Later, a person will walk the samples, each containing multiple potential catalysts, over to a different part of the lab for testing. Another AI agent will scan and interpret the data, using it to suggest another round of experiments to try to optimize the materials’ performance.  


This story is part of MIT Technology Review’s Hype Correction package, a series that resets expectations about what AI is, what it makes possible, and where we go next.


For now, a human scientist keeps a close eye on the experiments and will approve the next steps on the basis of the AI’s suggestions and the test results. But the startup is convinced this AI-controlled machine is a peek into the future of materials discovery—one in which autonomous labs could make it far cheaper and faster to come up with novel and useful compounds. 

Flush with hundreds of millions of dollars in new funding, Lila Sciences is one of AI’s latest unicorns. The company is on a larger mission to use AI-run autonomous labs for scientific discovery—the goal is to achieve what it calls scientific superintelligence. But I’m here this morning to learn specifically about the discovery of new materials. 

Lila Sciences’ John Gregoire (background) and Rafael Gómez-Bombarelli watch as an AI-guided sputtering instrument makes samples of thin-film alloys.
CODY O’LOUGHLIN

We desperately need better materials to solve our problems. We’ll need improved electrodes and other parts for more powerful batteries; compounds to more cheaply suck carbon dioxide out of the air; and better catalysts to make green hydrogen and other clean fuels and chemicals.
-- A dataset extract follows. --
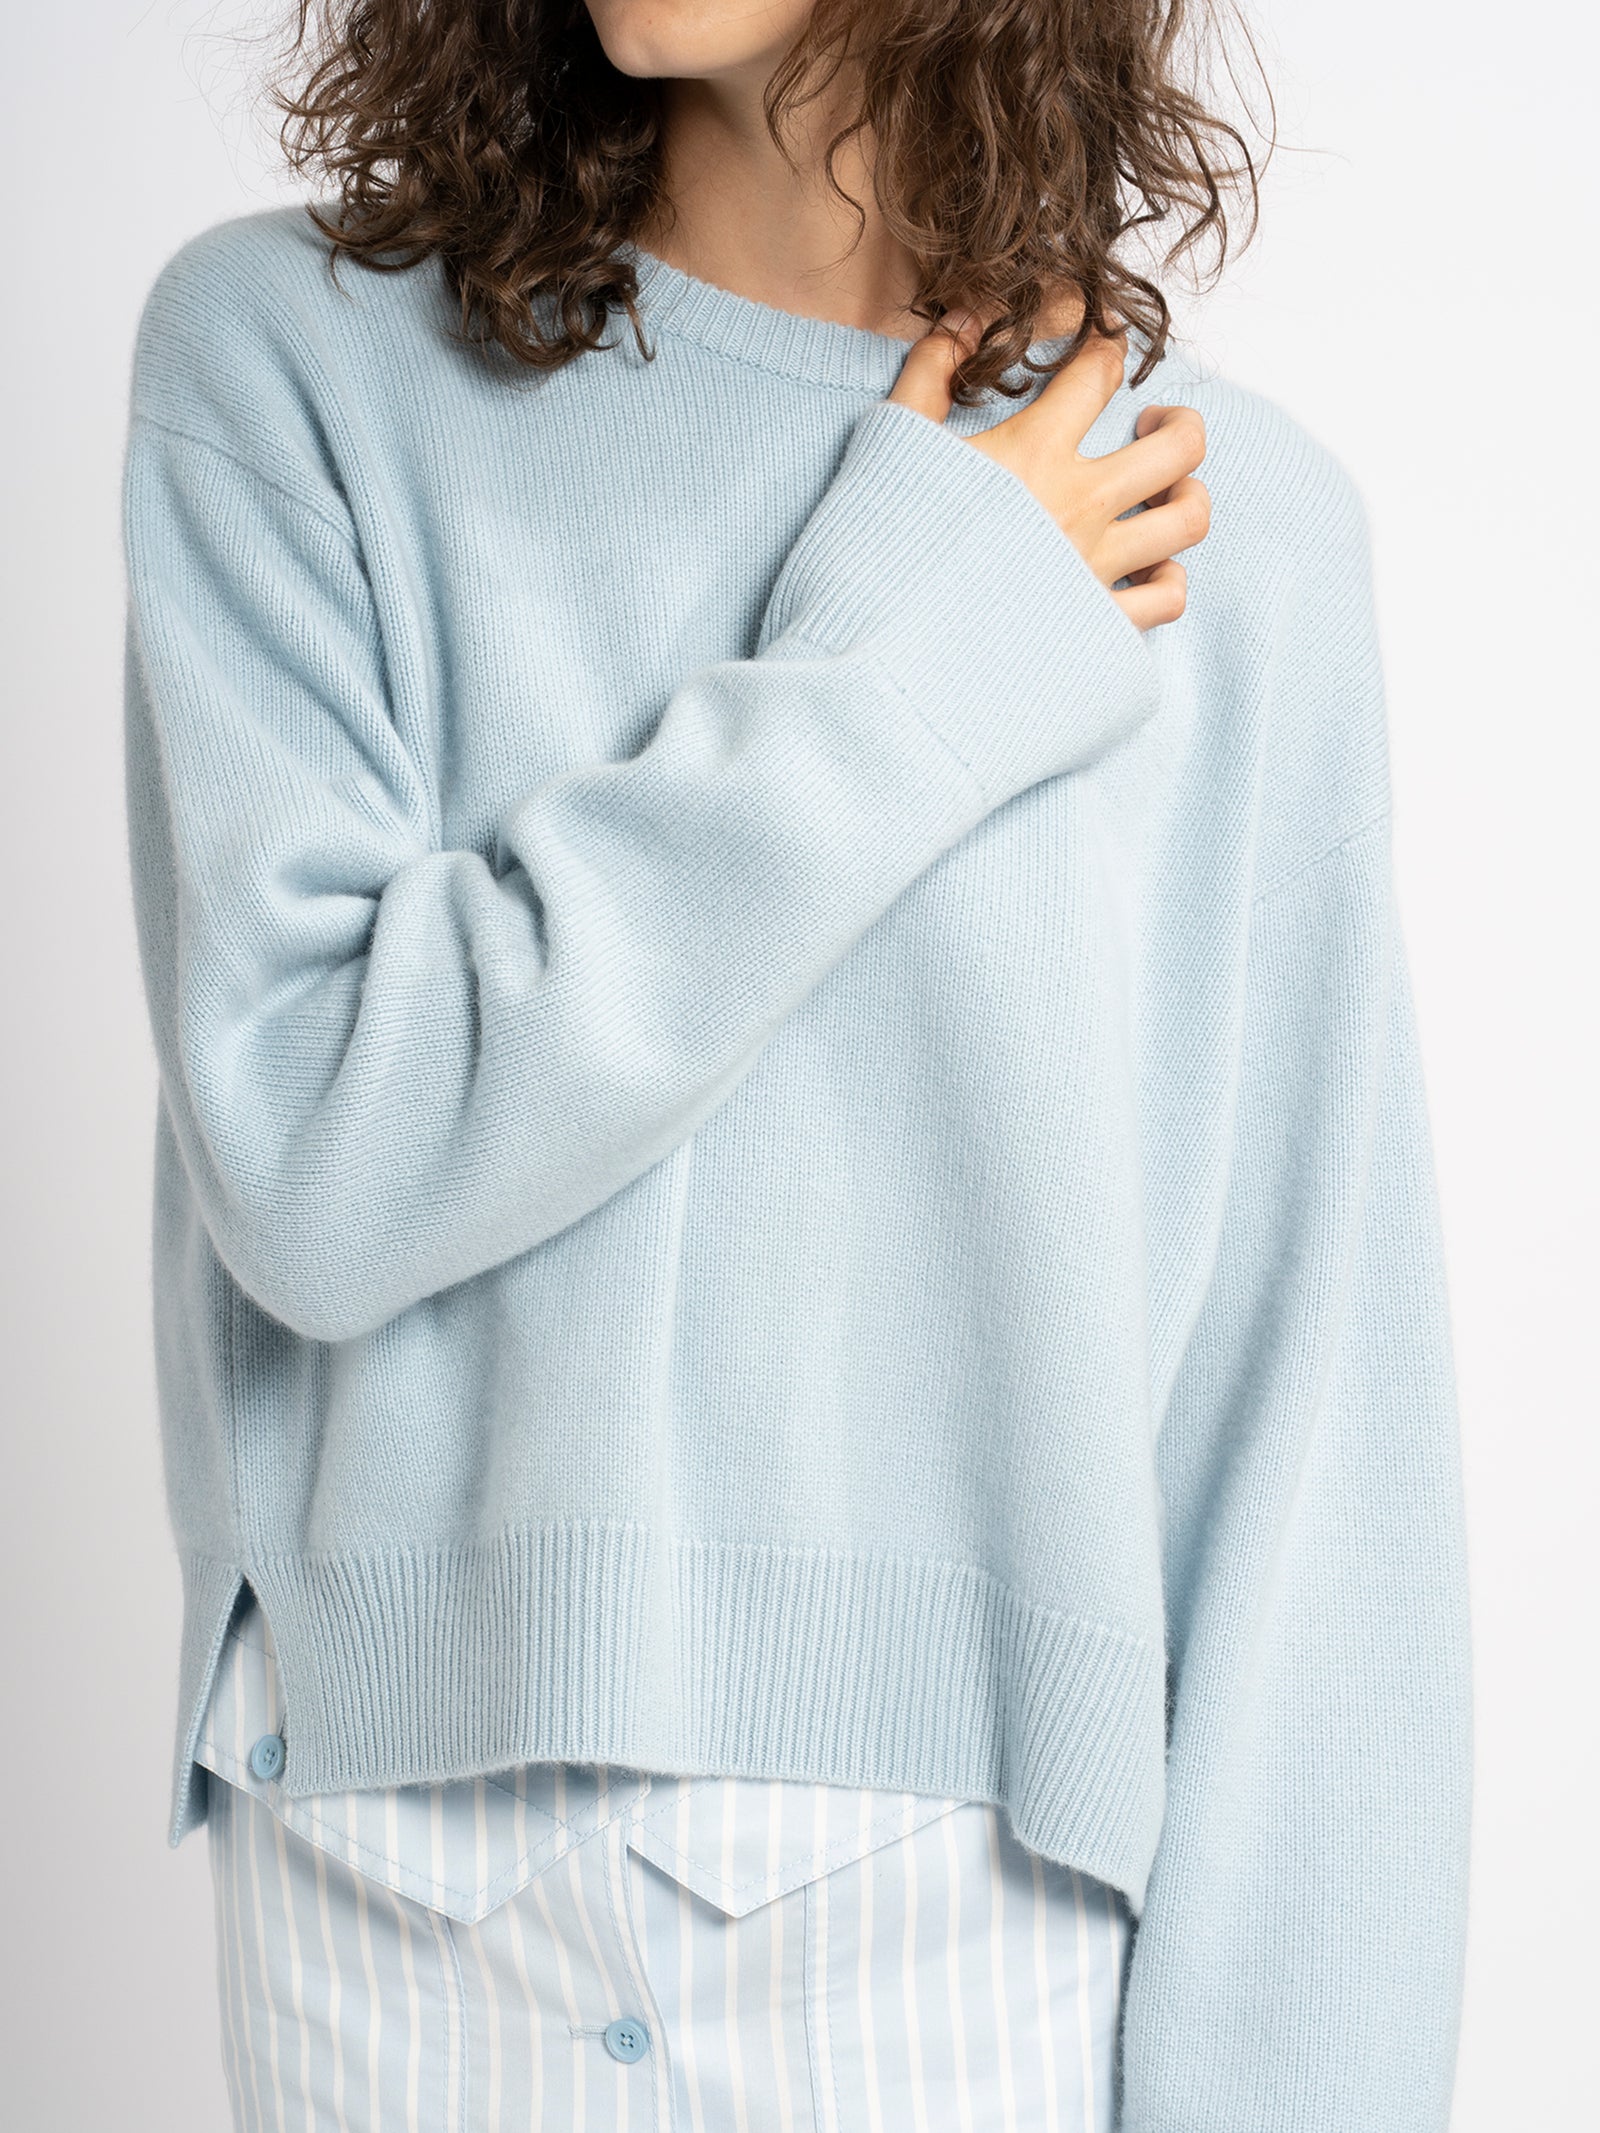 Pardis Cashmere Sweater
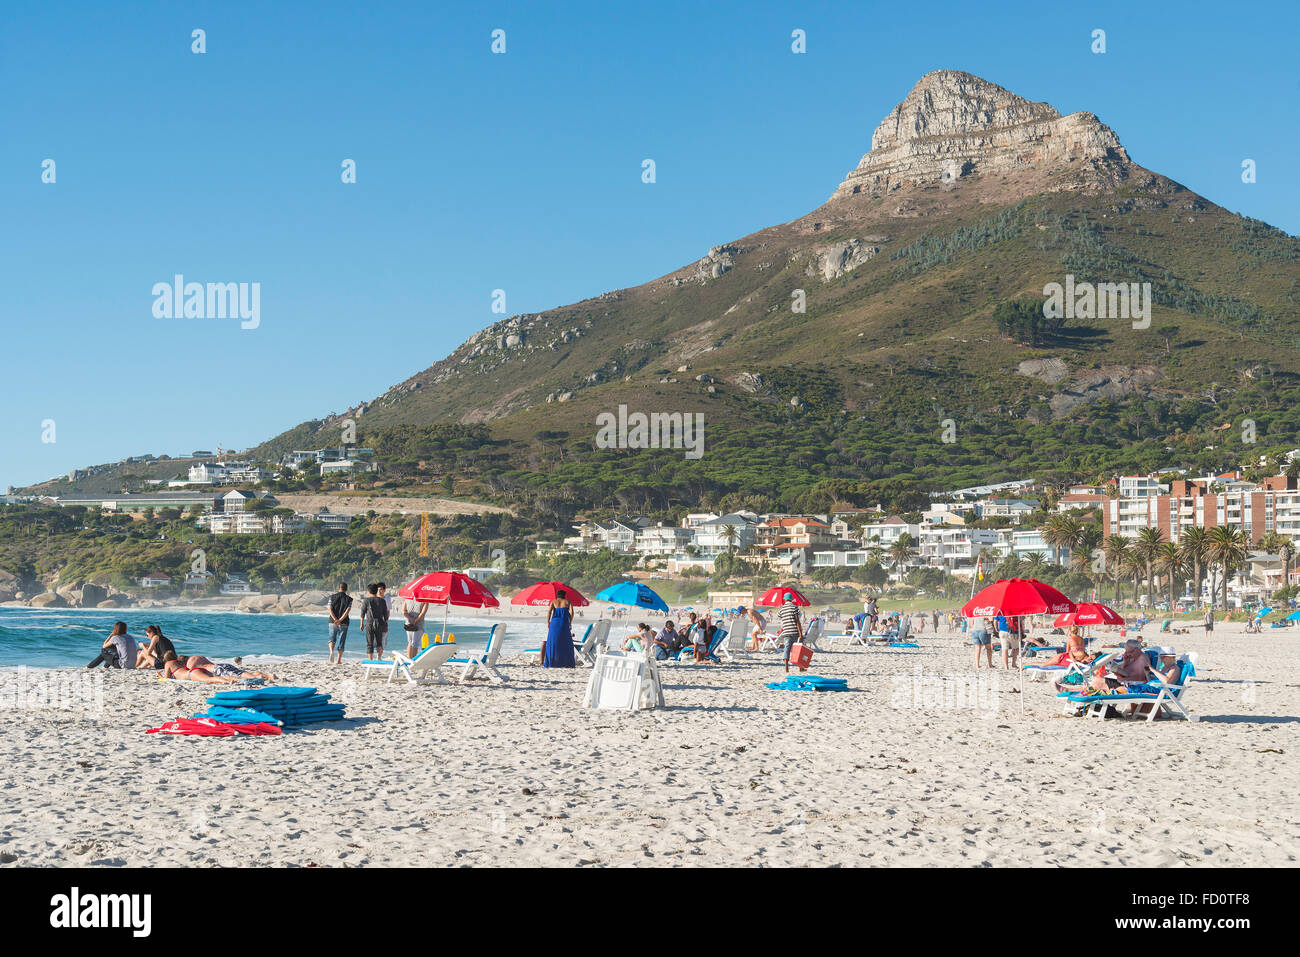 La plage de Camps Bay, Camps Bay, Cape Town, ville du Cap municipalité, province de Western Cape, Afrique du Sud Banque D'Images

And we will likely need novel materials like higher-temperature superconductors, improved magnets, and different types of semiconductors for a next generation of breakthroughs in everything from quantum computing to fusion power to AI hardware. 

But materials science has not had many commercial wins in the last few decades. In part because of its complexity and the lack of successes, the field has become something of an innovation backwater, overshadowed by the more glamorous—and lucrative—search for new drugs and insights into biology.

The idea of using AI for materials discovery is not exactly new, but it got a huge boost in 2020 when DeepMind showed that its AlphaFold2 model could accurately predict the three-dimensional structure of proteins. Then, in 2022, came the success and popularity of ChatGPT. The hope that similar AI models using deep learning could aid in doing science captivated tech insiders. Why not use our new generative AI capabilities to search the vast chemical landscape and help simulate atomic structures, pointing the way to new substances with amazing properties?

“Simulations can be super powerful for framing problems and understanding what is worth testing in the lab. But there’s zero problems we can ever solve in the real world with simulation alone.”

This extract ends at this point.